Whereas this appears to be readily accepted as fact, the question is whether or not this conclusion can be obtained from basic Newton's laws.
As noted before, the gas laws themselves can be used without regard to the underlying mechanics or processes and the thermodynamical calculations can be made. However, in order to get a better intuitive appreciation for these pressure-volume-temperature relationships we will consider them in terms of their underlying physical bases.
From the earlier section and our own experiences we recognize that gases exert pressures. We need to consider what is the cause or basis of this pressure. In the figure of the ear canal and structures below, we recognized the ear "drum".

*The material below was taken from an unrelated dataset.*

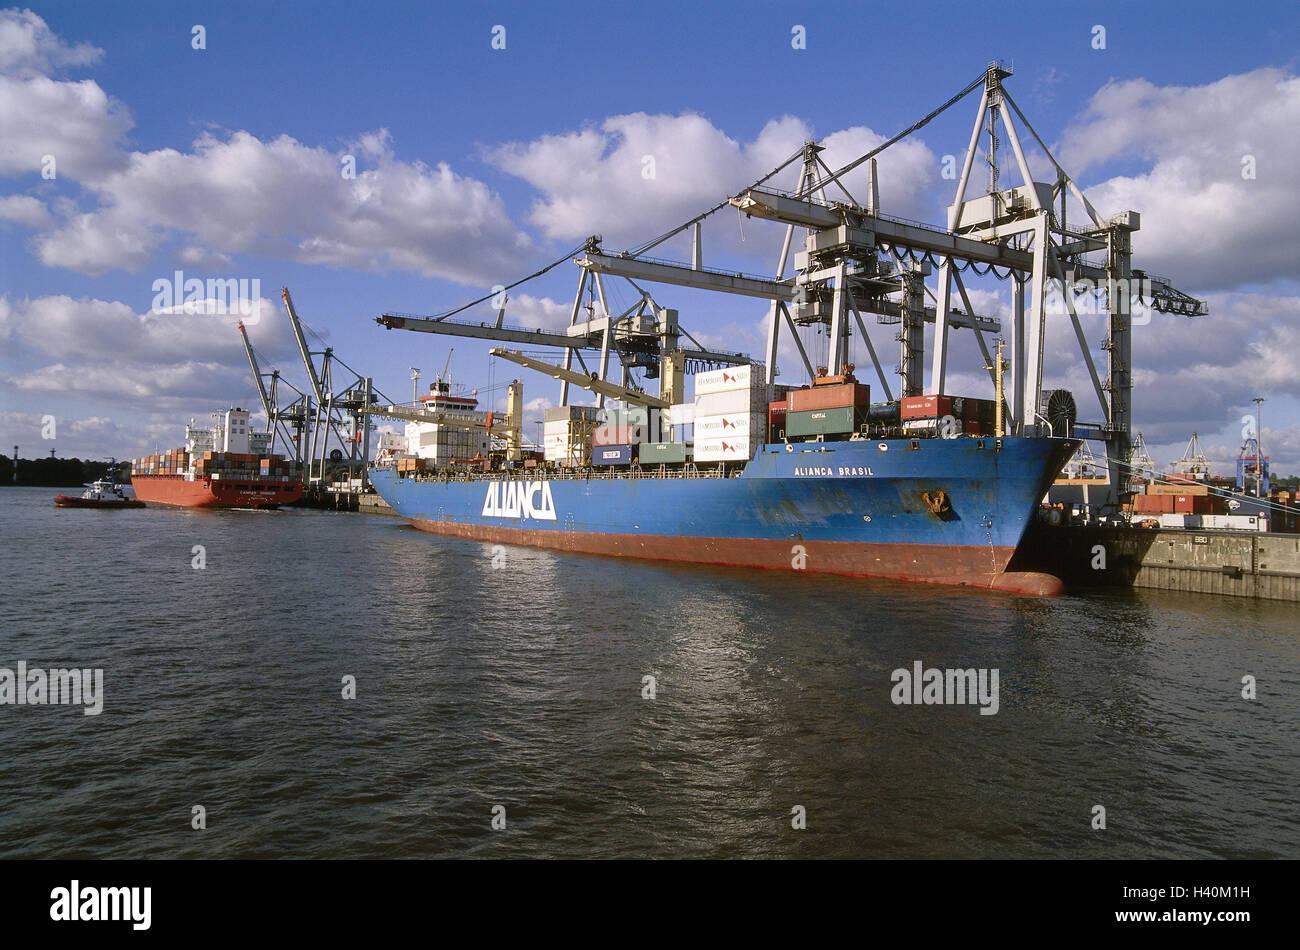 freighters stockfotos freighters bilder alamy. Black Bedroom Furniture Sets. Home Design Ideas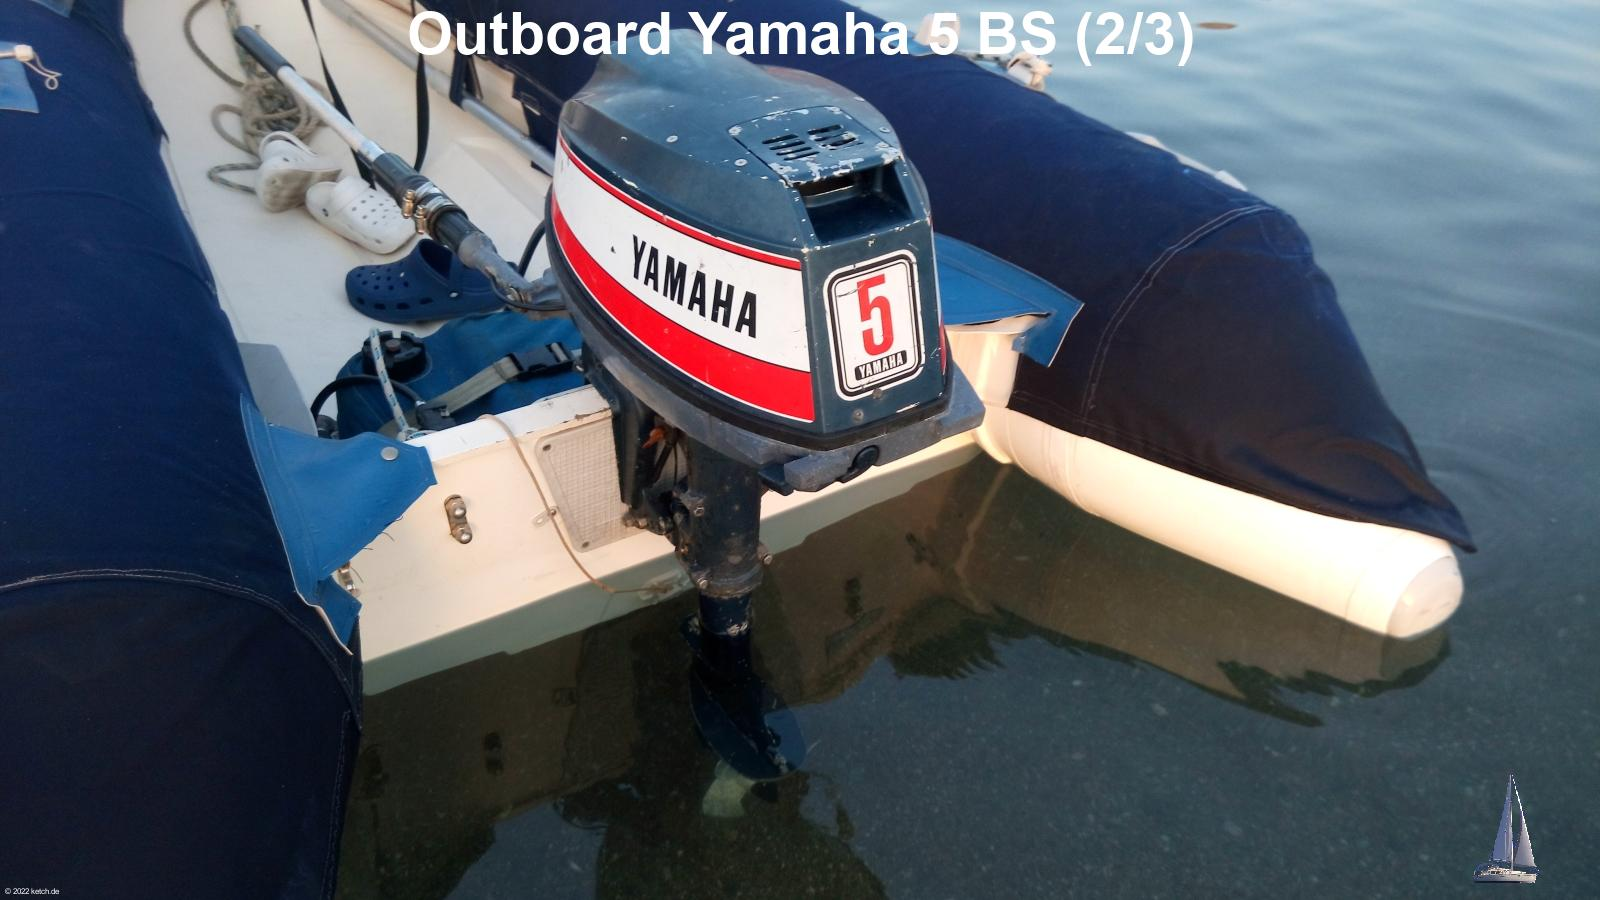 Outboard Yamaha 5 BS (2/3)

^{1}If the ear drum and associated physiological sensing and transducing structures were more sensitive than they are, we would probably hear is continual noise, a rushing or swooshing sound due to the collision of air molecules with the ear drum. So the eardrum is continually under bombardment by air molecules and if the system were more sensitive all we would hear would be this background activity. The force on the ear drum is equal on both sides, typically so the net force would be zero. Although eardrum analogy allows us to consider or at least begin to consider the molecular basis of pressure, we might better evaluate the physical basis using a different diagram. See below:
"Atoms of a gas in a box with a frictionless piston" Figure 39-1 from reference (1) below. Page 39-3
^{1}Above we see a piston which has an area A.
The volume of the box is V.
The dots in the box represents individual gas molecules.
The question is how much force is being exerted by the atoms in the box on the piston.
As described in the figure legend above, this is a "frictionless" piston and therefore the atoms banging on one side and transferring momentum to the piston would eventually pushed the piston to the right out of the box.
So we want to know how much force (F) would keep the piston from being pushed.
^{1}We will consider the force as force per unit area A.
For the area A then, the force would be written as a number times the area.
Pressure would be then equal to the force applied to the piston to keep it from moving divided by the area of the piston (allowing the expression to be force per unit area) or:
P = F / A
^{1} To extend the idea a little further, let's consider the case in which we will move the piston a small distance represented in the figure above as dx ( x).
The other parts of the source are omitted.